What is required » Treat the line with "It's definitely an" as the starting point. Write it out and every line after it through the end of the listing below, exactly.

Input data »

-- Opening Marker --

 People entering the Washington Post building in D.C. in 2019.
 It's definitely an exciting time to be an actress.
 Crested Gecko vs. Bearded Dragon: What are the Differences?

-- Closing Marker --

Answer below »
 It's definitely an exciting time to be an actress.
 Crested Gecko vs. Bearded Dragon: What are the Differences?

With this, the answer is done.